Lecture notes 1 Flashcards
(11 cards)
what is a population?
The entire set of individuals or observations of interest. For instance, if you are developing a new treatment for anxiety, the population may be all individuals who suffer from anxiety. Generally N refers to the size of the population (which may be infinite).
What is a sample?
A subset of the population. For instance, a random sample of individuals who suffer from anxiety. The size of the sample is denoted by n. For measures of association like the correlation n is the sample size. However, for groups (t-test or ANOVA), n little g is the sample size of group g.
What is a statistic?
A numerical summary of a sample. For instance, the mean level of anxiety in your sample of participants. Generally represented by an italicized Roman letter (e.g., italicized s for the sample standard deviation and M or X bar for the sample mean).
What is a parameter?
A numerical summary of the population. Generally represented by a Greek letter (e.g., σ for the population standard deviation and μ for the mean).
What is a sampling distribution? Example? What are specific terms related to the sampling distribution? (3)
The distribution of a statistic across all possible distinct samples from the population.
For instance, if you gathered every single possible distinct sample from the population, all of the same sample size n, and calculated the mean level of anxiety in each sample, the distribution of those sample means is the sampling distribution of the mean (of size n).

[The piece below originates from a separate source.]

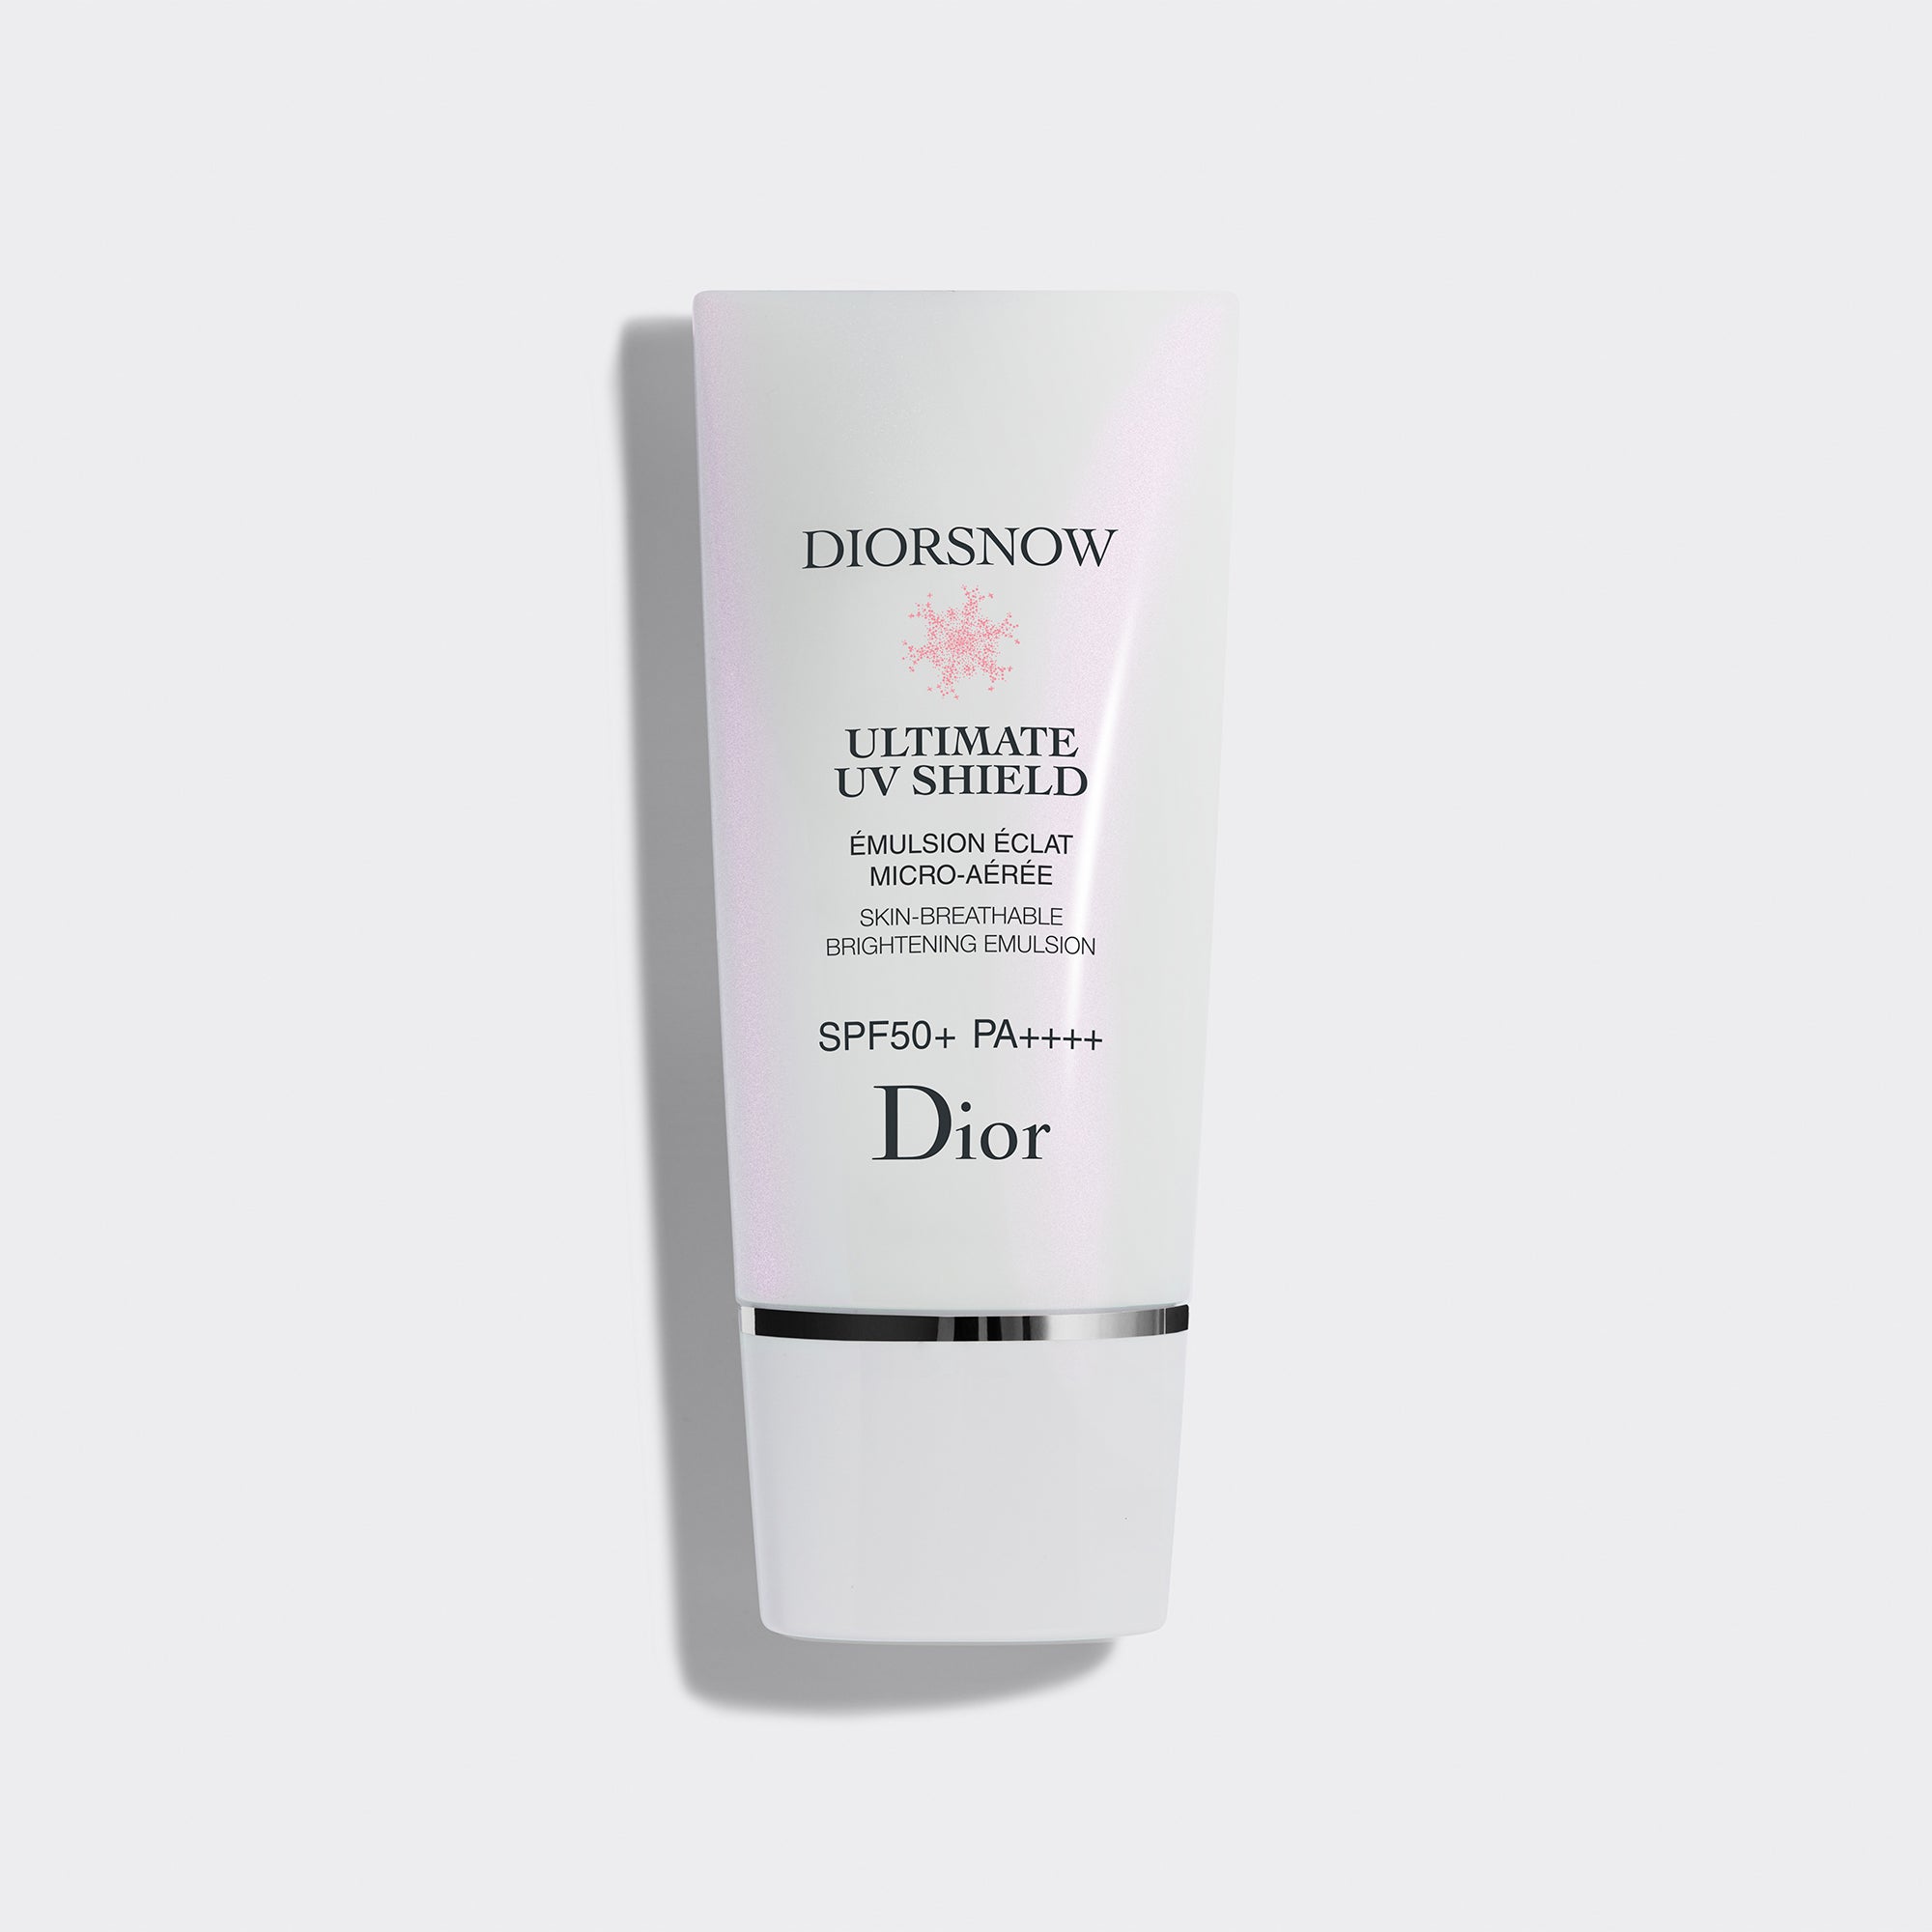 DIORSNOW ~ Skin-breathable brightening emulsion - spf 50+ pa++++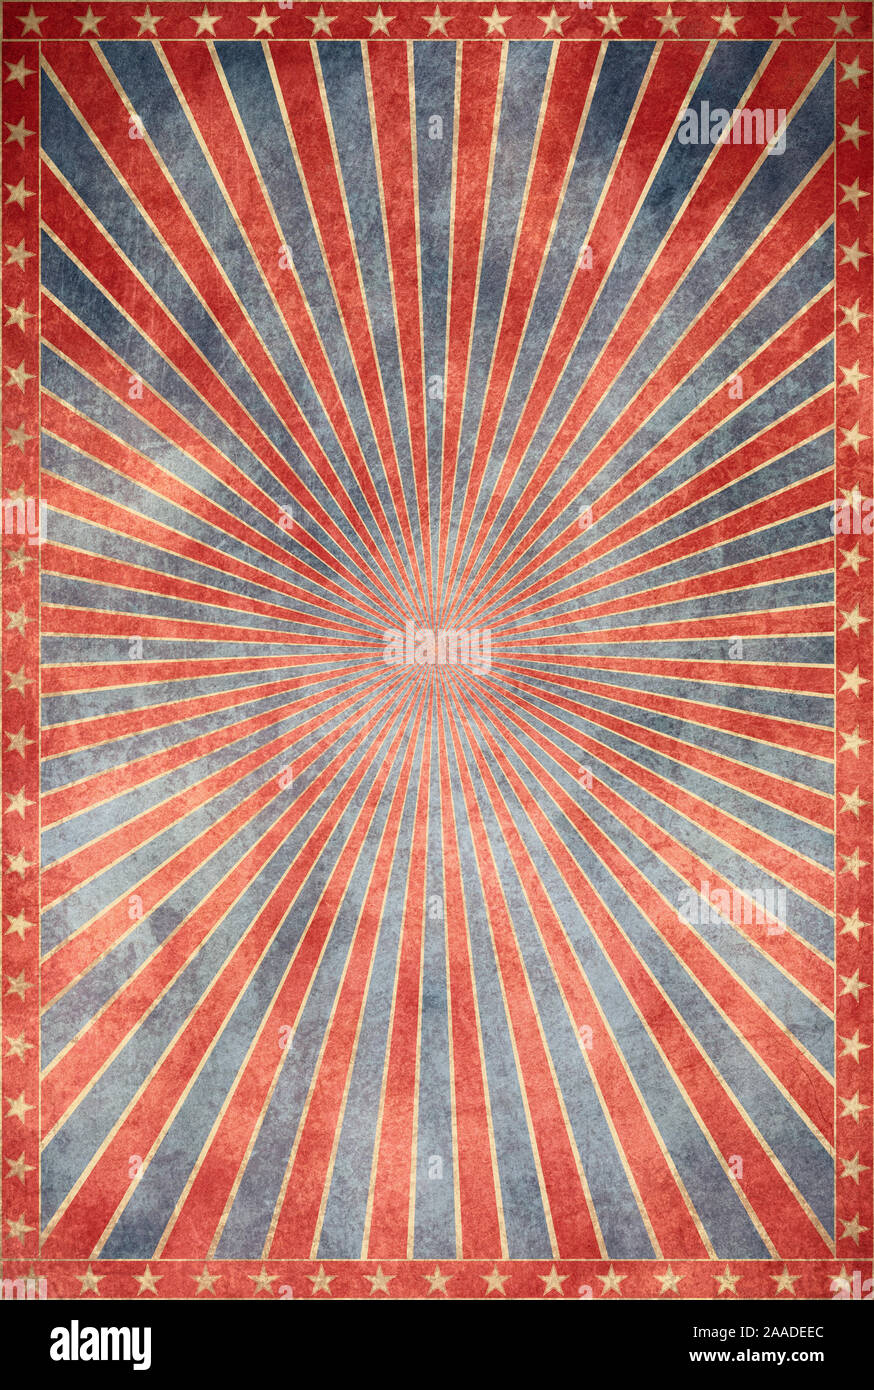 Retro grunge background with red and blue rays and star frame. Stock Photo

Think: the sampling distribution is the distribution across the samples. Specific terms related to the sampling distribution, defined below, are expected value, standard error, and bias.
What is the expected value?
The mean of the sampling distribution. This is denoted as E(). For instance, the expected value of the sample mean is E(X bar ) = μ.
What is standard error?
The standard deviation (SD) of the sampling distribution. We give the SD of the sampling distribution its own name so that we (hopefully!) minimize confusion with the standard deviation of the raw scores.
What is bias?
The difference between the expected value of a statistic and its corresponding population parameter. The sample mean is unbiased as E(X bar ) = μ. A statistic such as the sample range, is biased since E(Range subscript Sample) < Range subscript Population.
what is the p-value?
The p-value is the probability of the observed data, or data more extreme, given that the null hypothesis is true. This last part is critical. It is a probability under the assumption that the null hypothesis is true. It does not tell us the probability of the null hypothesis. It generally is calculated using the sampling distribution of the test statistic when the null hypothesis is true.
What is the central limit theorem?
For normally distributed observations, the sampling distribution of the mean is normally distributed and unbiased as E(X bar) = μ.
The variance of the sample means around the population mean (μ) is σ2/n. The standard error (standard deviation of the sampling distribution) of the sample mean around the average of the sample means is s subscript x bar = sx √n where s subscript s is the standard deviation of the raw scores on variable X and n is the sample size used to calculate the mean.
We also know that if the raw scores are not normally distributed, then the sampling distribution of the sample mean approaches normality with the above mean and standard error, as the sample size increases. Even with extremely non-normal distributions the CLT kicks in and the sampling distribution is very, very close to normal with samples sizes as small as n = 20 to 30.